法定労働時間

2016.3.23
労働基準法で定められている労働時間の上限
心身ともに健康で快適に働くために

 労働基準法では、労働者の過重労働防止や健康確保を目的に、労働時間に制限を設けています。これを法定労働時間と言い、「1週間のうち40時間を超えて、労働させてはならない」「1日のうち8時間を超えて、労働させてはならない」と定められています。そのため、法定労働時間を超えて勤務する際は、労使協定を締結し、労働基準監督署に届け出なければなりません。また、時間外労働と休日労働が発生した場合は、割増賃金の支払いが必要です。

 一方、就業規則や雇用契約書によって決められた労働時間を、所定労働時間と言います。所定労働時間を超えて働いた場合でも、法定労働時間を超えていなければ、法律上は割増賃金を支払う必要はありません。
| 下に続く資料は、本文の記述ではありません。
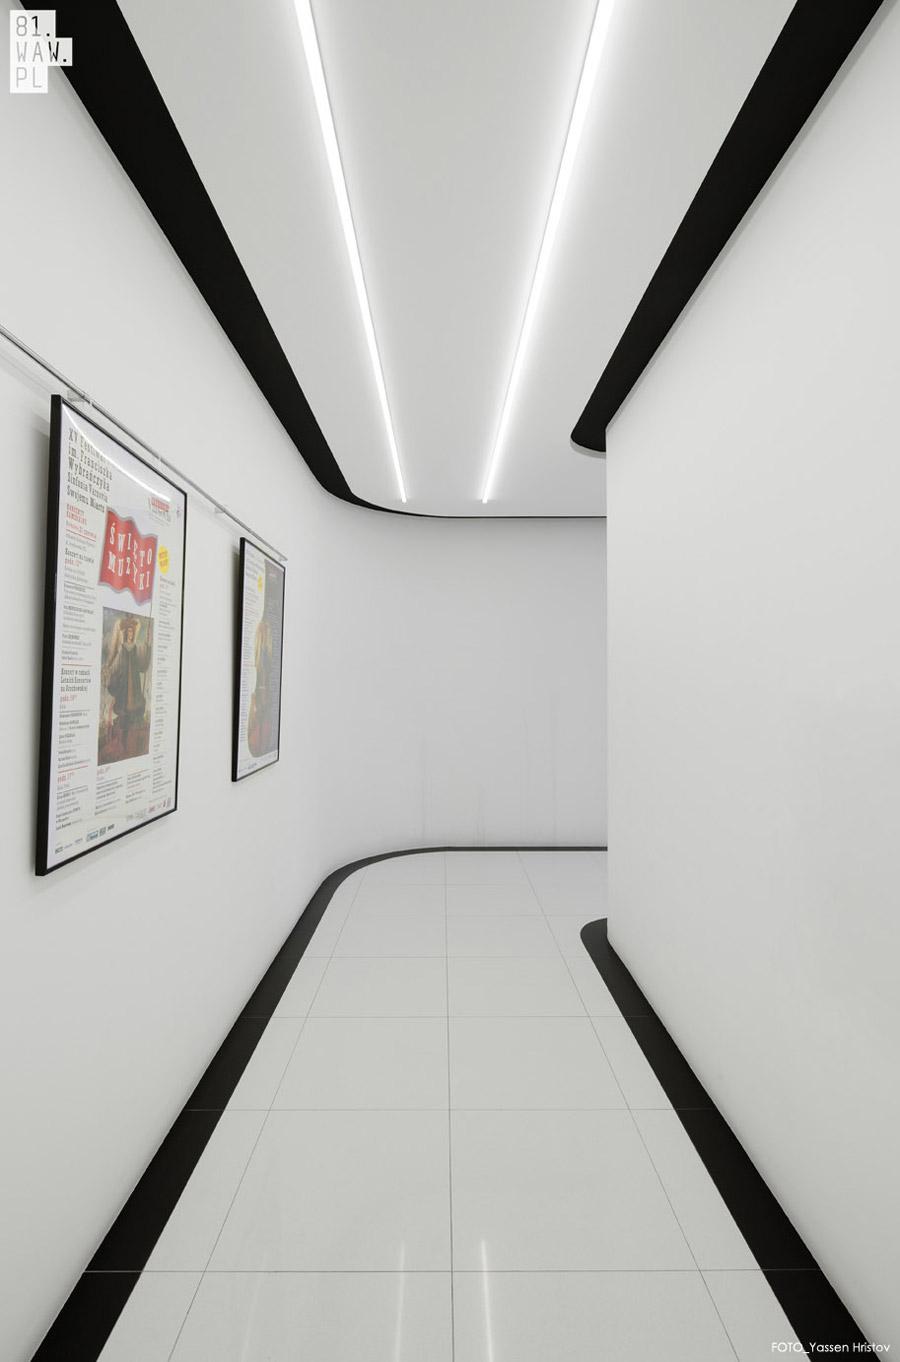 Klub studencki GAMA w Warszawie. Projekt wnętrz: 81.WAW.PL
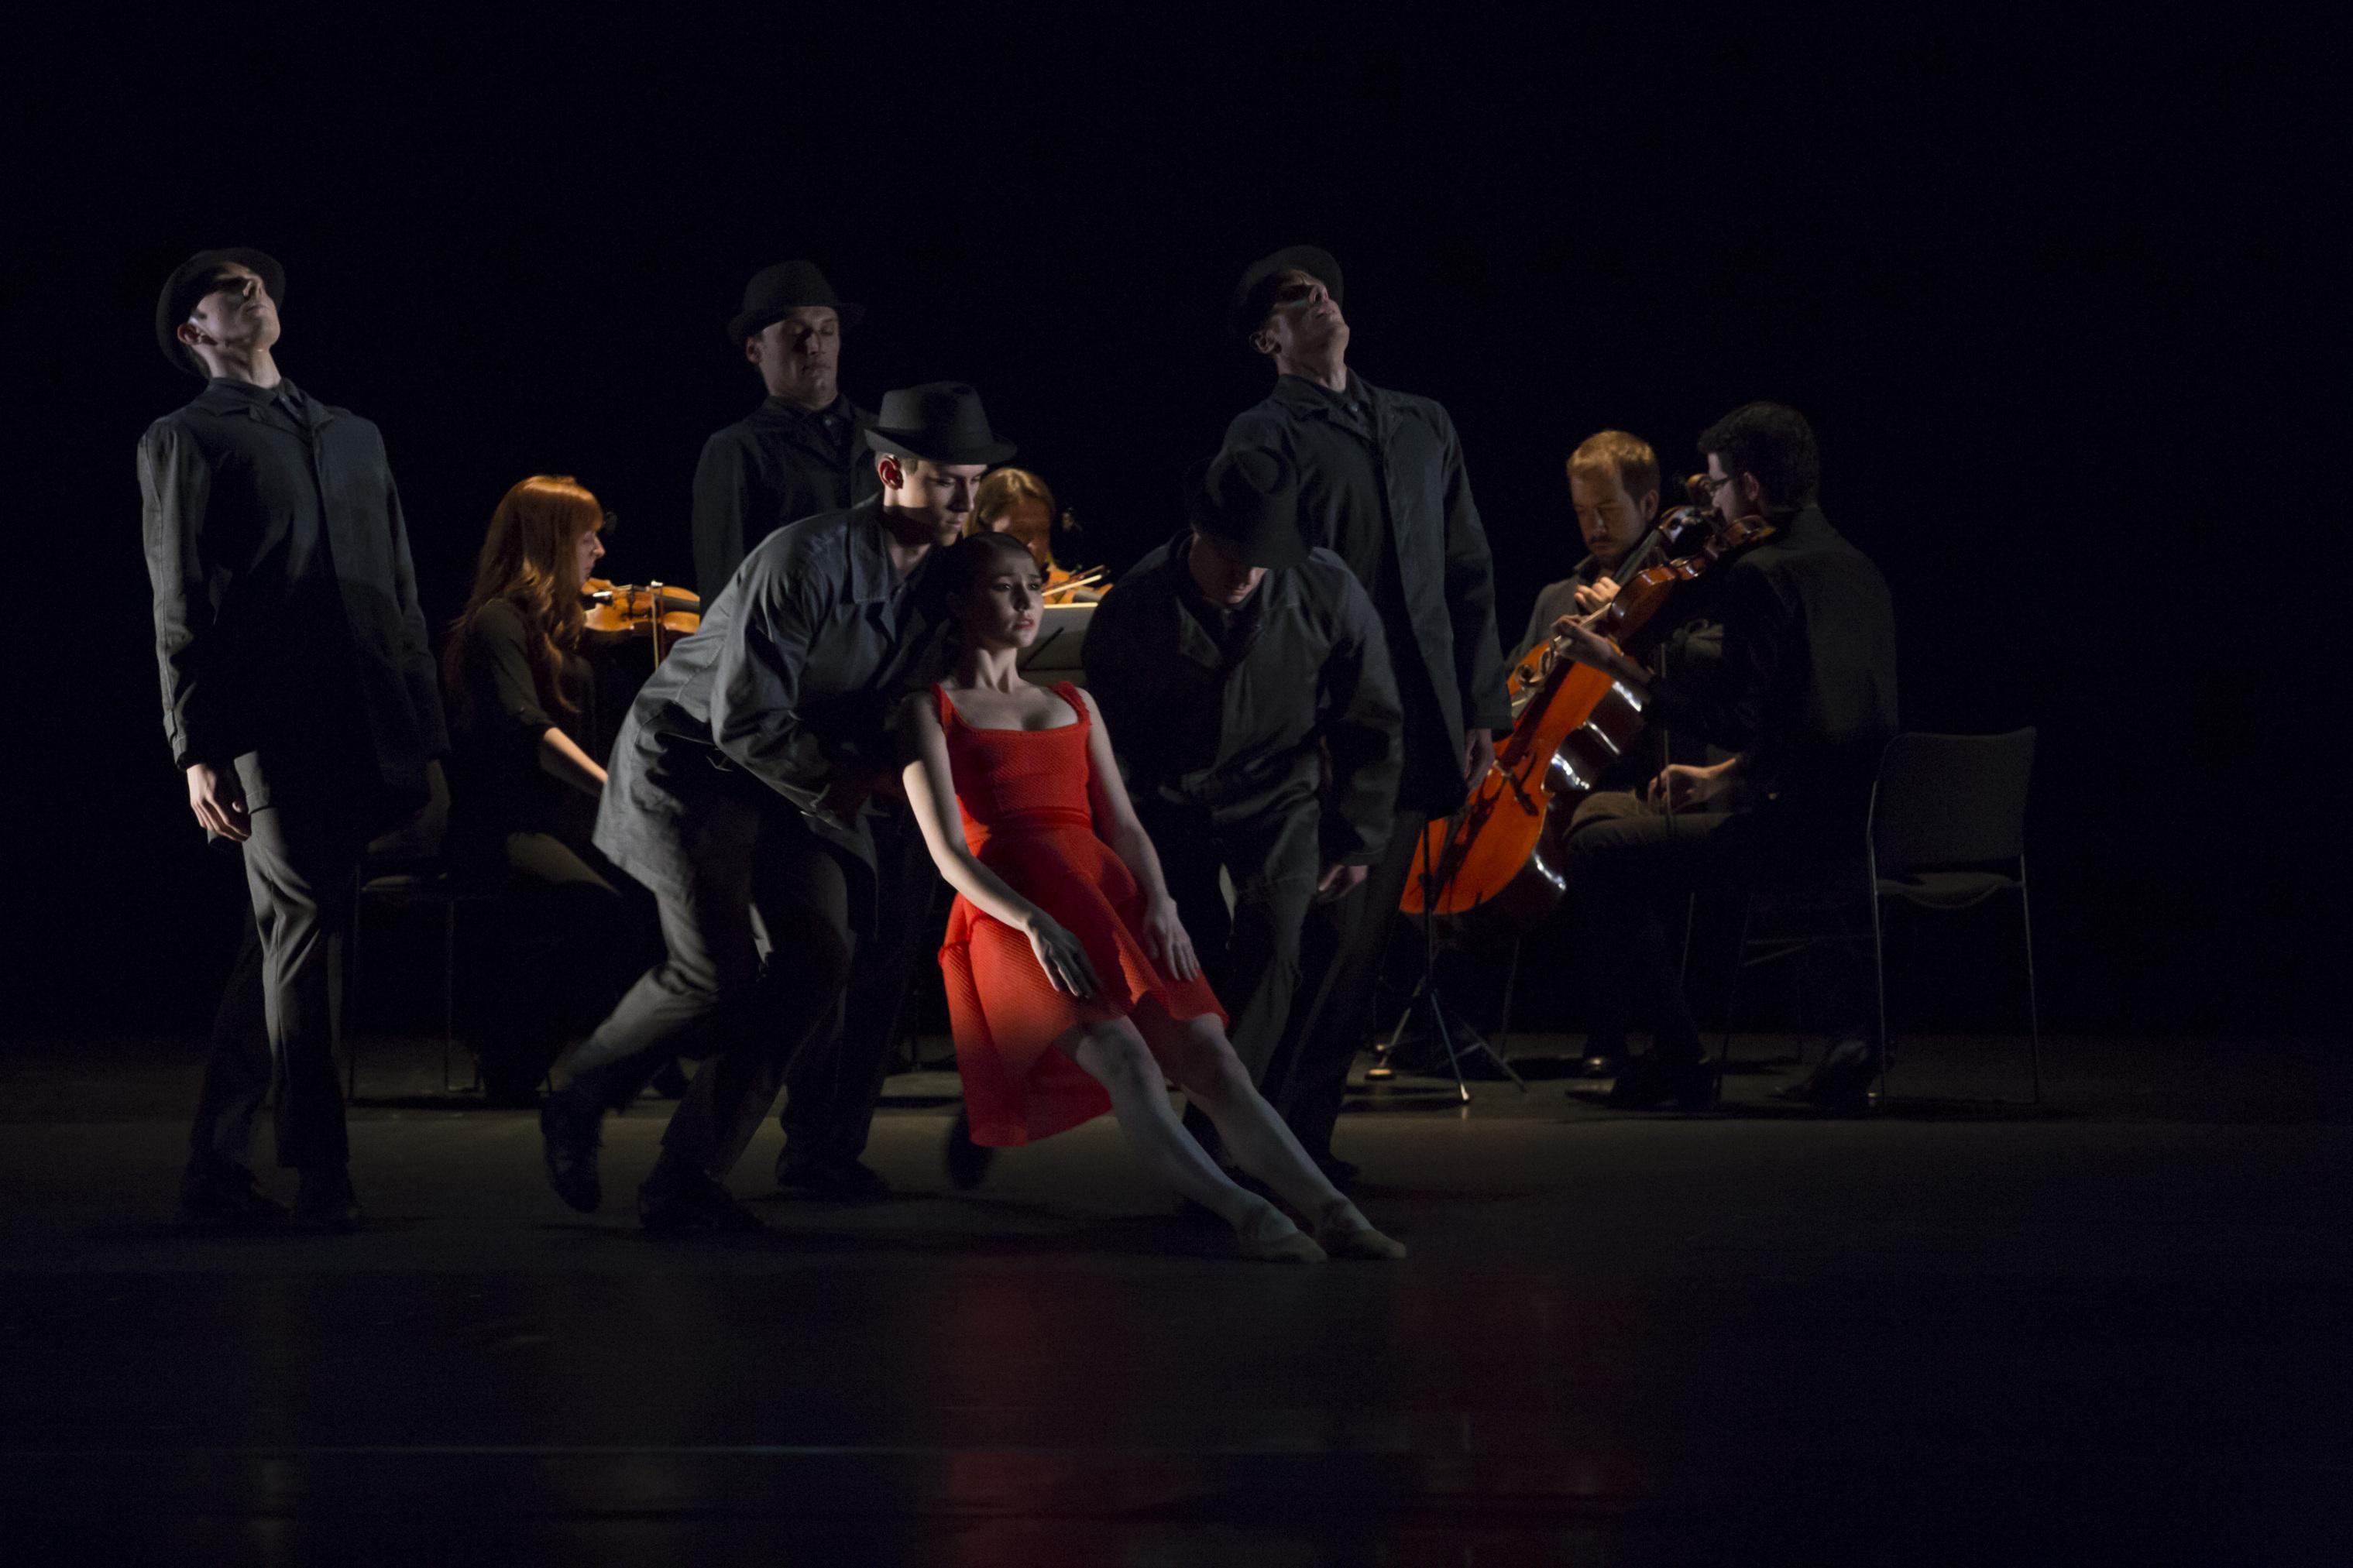 Un salon musical tr s d cal l op ra de paris danse - Musique danse de salon ...

 平成25年10月に厚生労働省労働基準局が発表した調査によると、中小企業の56.6%が時間外労働・休日労働に関する労使協定を締結しておらず、そのうちの半数以上が、時間外労働や休日出勤があるにも関わらず、労使協定を締結していない“違法残業”の状況であることが判明しました。経営者が法律で定められた法定労働時間の趣旨を理解せず、時間外労働を強いる状態が続くと、精神疾患などを引き起こす可能性が高まります。これらの問題は、労働者個人の精神的・体力的な資質が原因であるとされがちですが、職場の構造的な問題として捉えなければなりません。労働組合は、長時間労働を抑制し、法定労働時間内で勤務できる職場環境をつくっていく必要があります。
 労働者もまた、自分自身を守るために、労働者が持つ権利やワークルールについての知識を習得し、適切な労働環境で働いているかどうかを自ら判断できることが大切です。今後は、社会に出る前の教育課程で、労働法等のワークルールについて学ぶ機会をつくる活動を促進することも、労働組合の重要な役割になっていきます。